◆ **Activity**
Would you repeat the listing below exactly, with no pictures in it?

◆ **Data below**
______
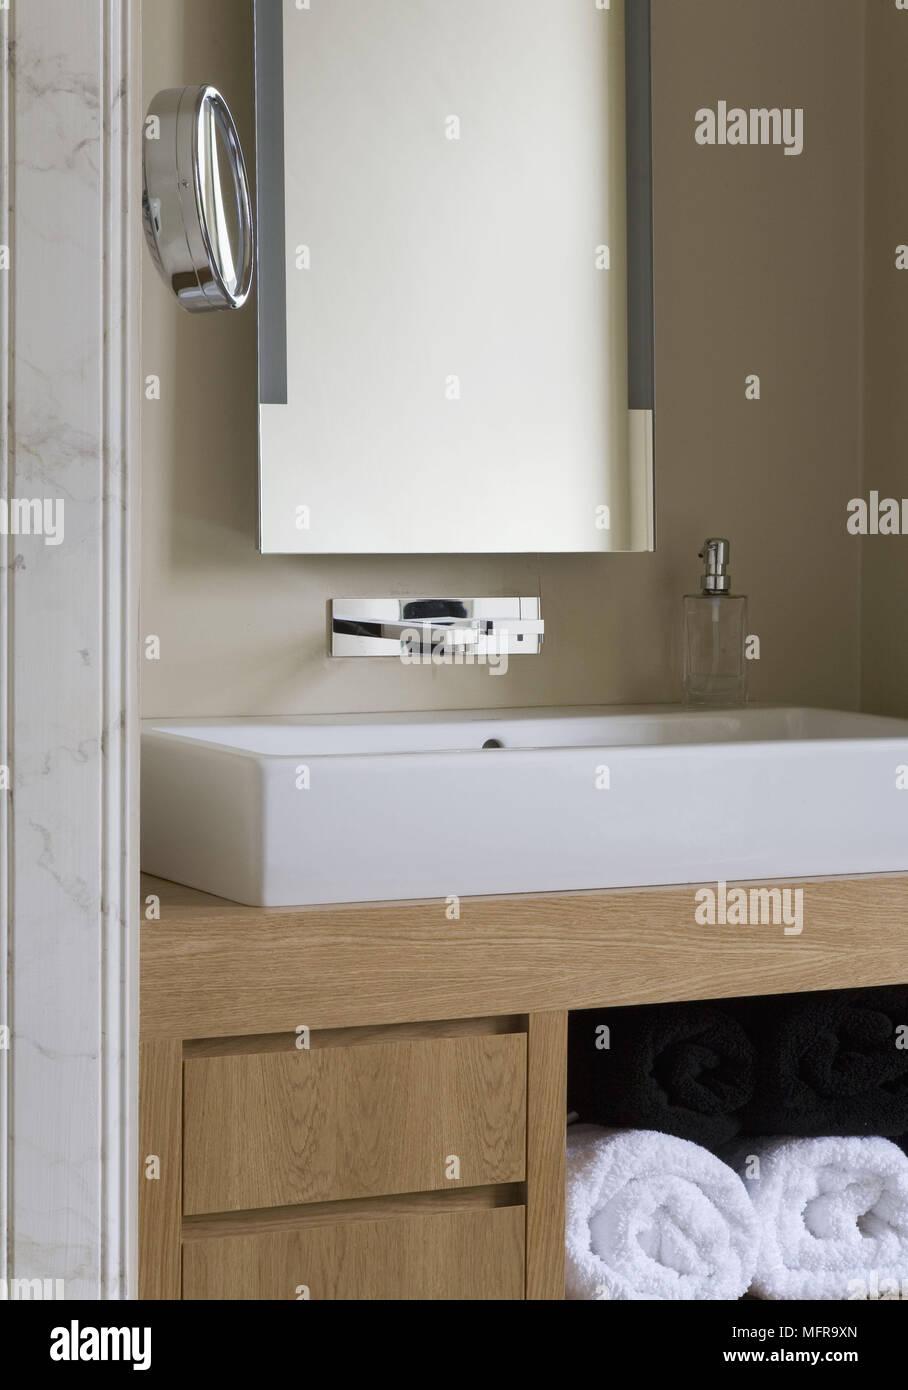 Perfekt Spiegel über Dem Waschbecken Auf Storage Unit In Die Aussparung Des Modernen  Badezimmer Set
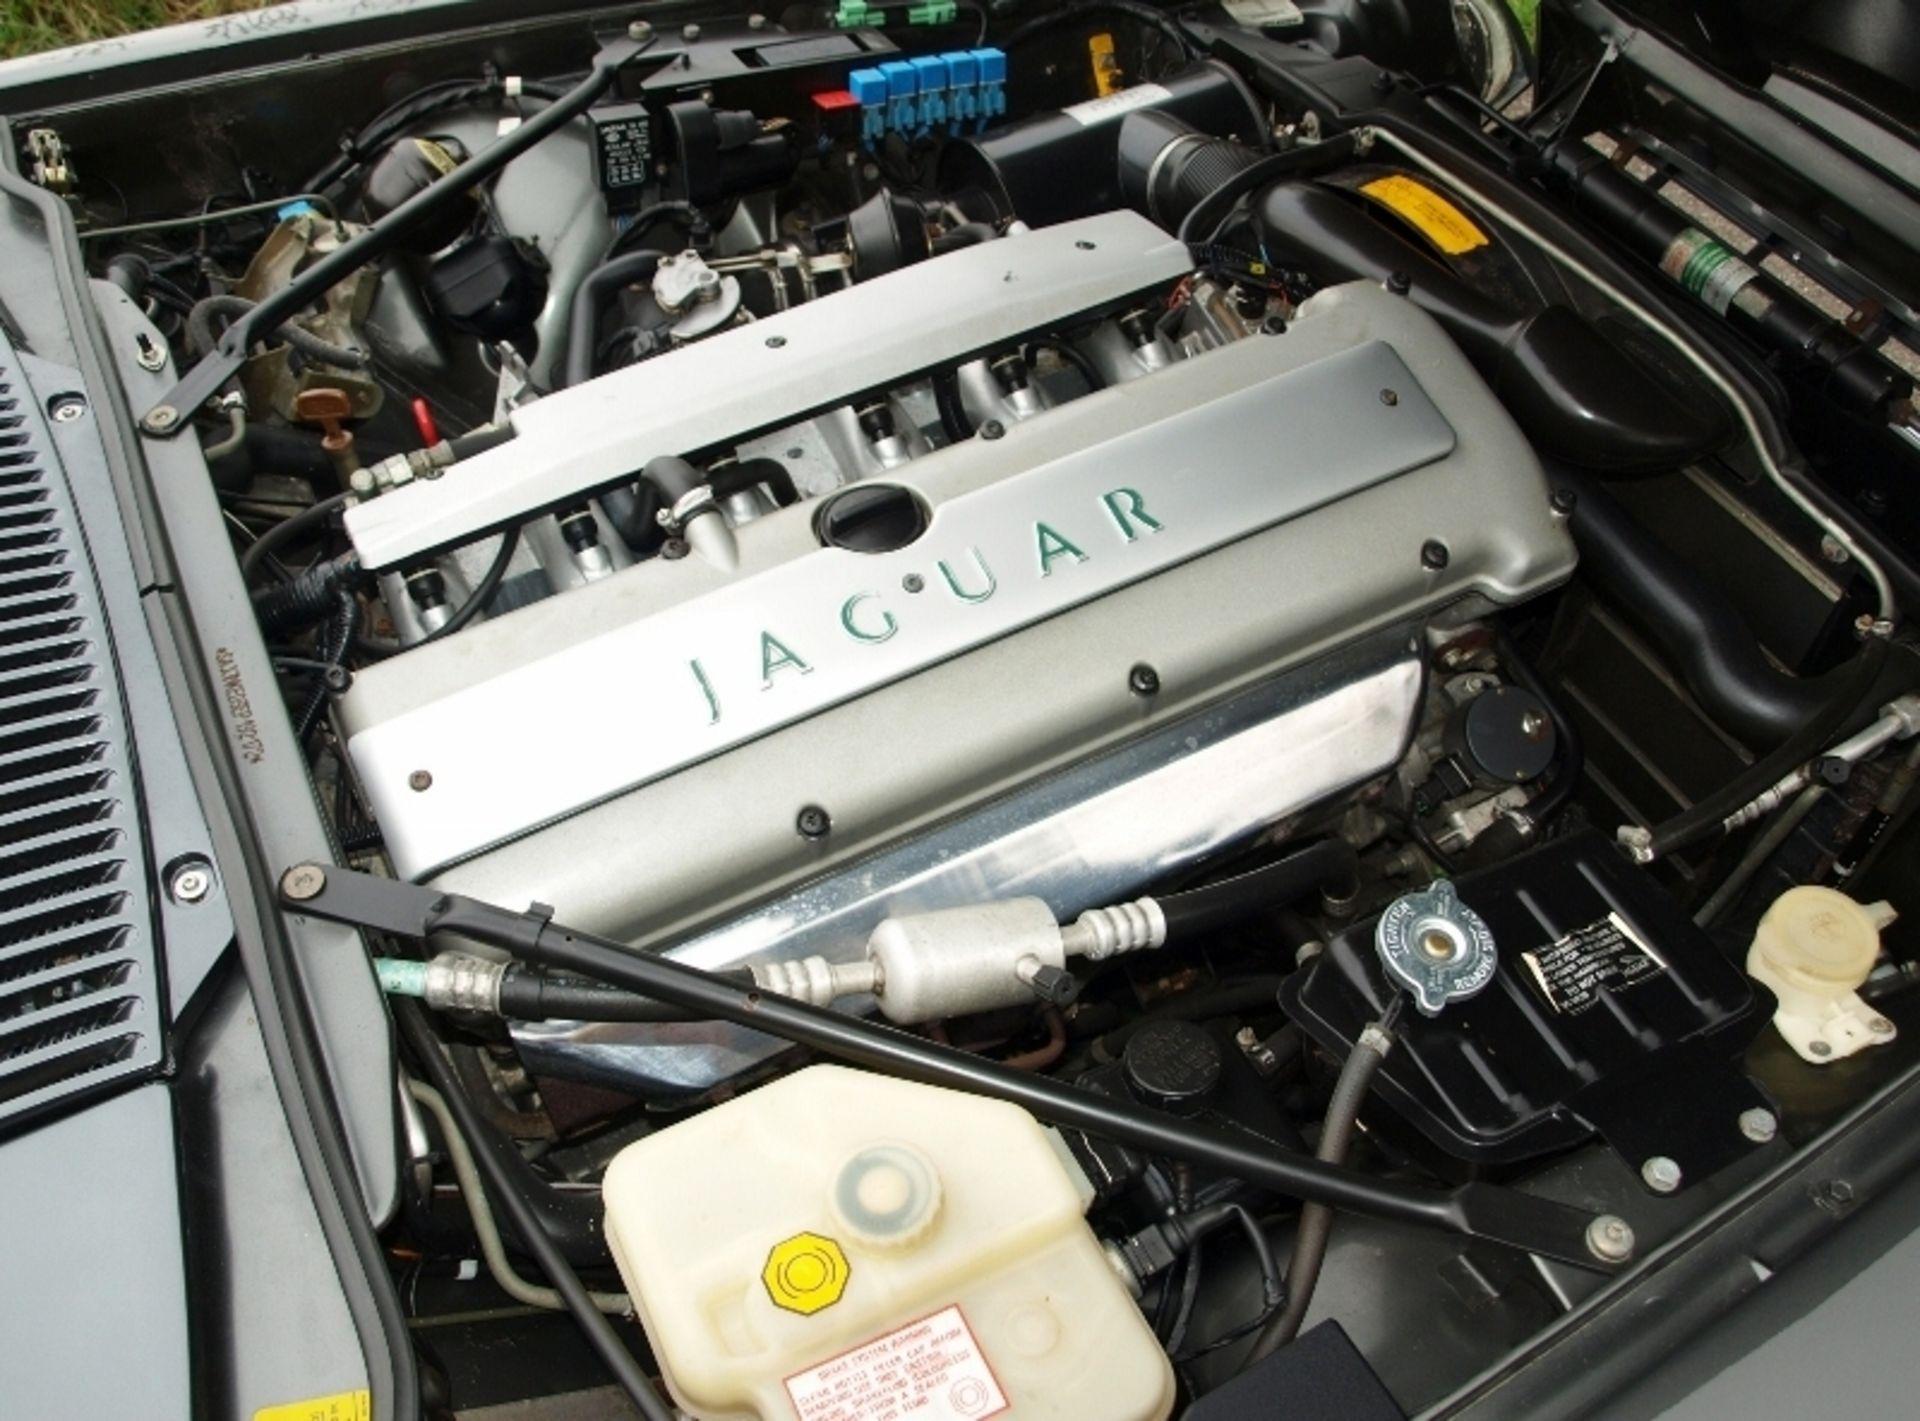 Lot 197 - 1995 Jaguar XJS 4.0
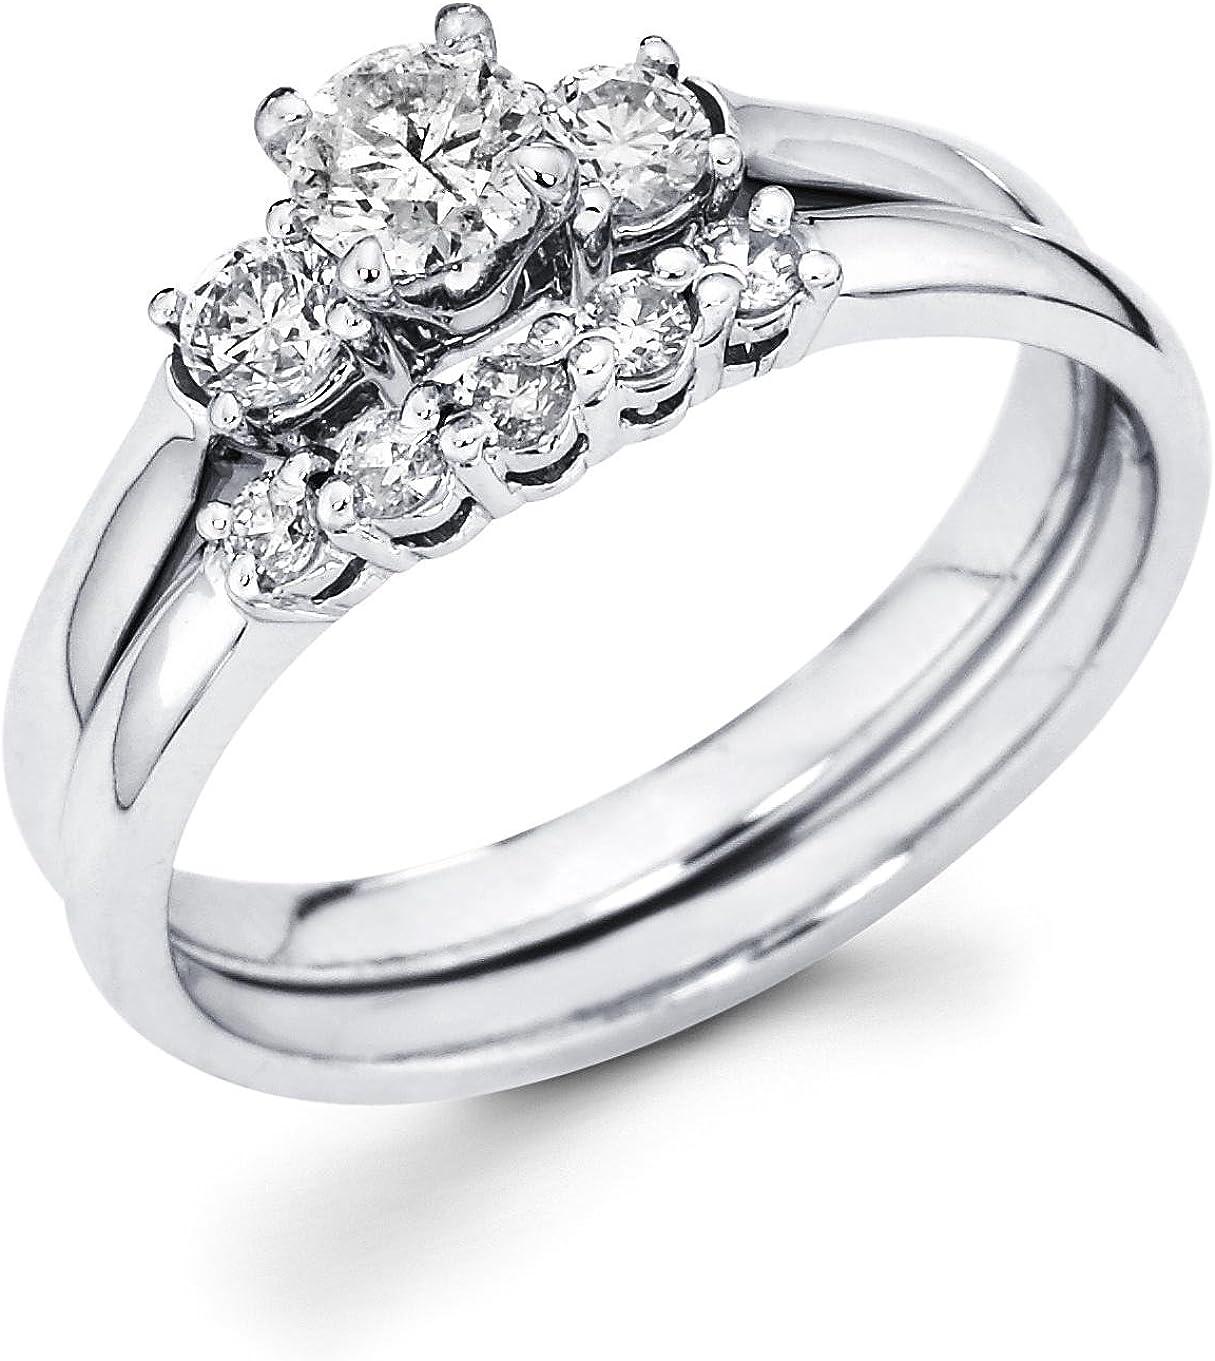 3 ct Round Diamond 14k White Gold Over 5 Stone Engagement Anniversary Band Ring
______
◆ **Exercise output**
 Perfekt Spiegel über Dem Waschbecken Auf Storage Unit In Die Aussparung Des Modernen  Badezimmer Set
 Lot 197 - 1995 Jaguar XJS 4.0
 3 ct Round Diamond 14k White Gold Over 5 Stone Engagement Anniversary Band Ring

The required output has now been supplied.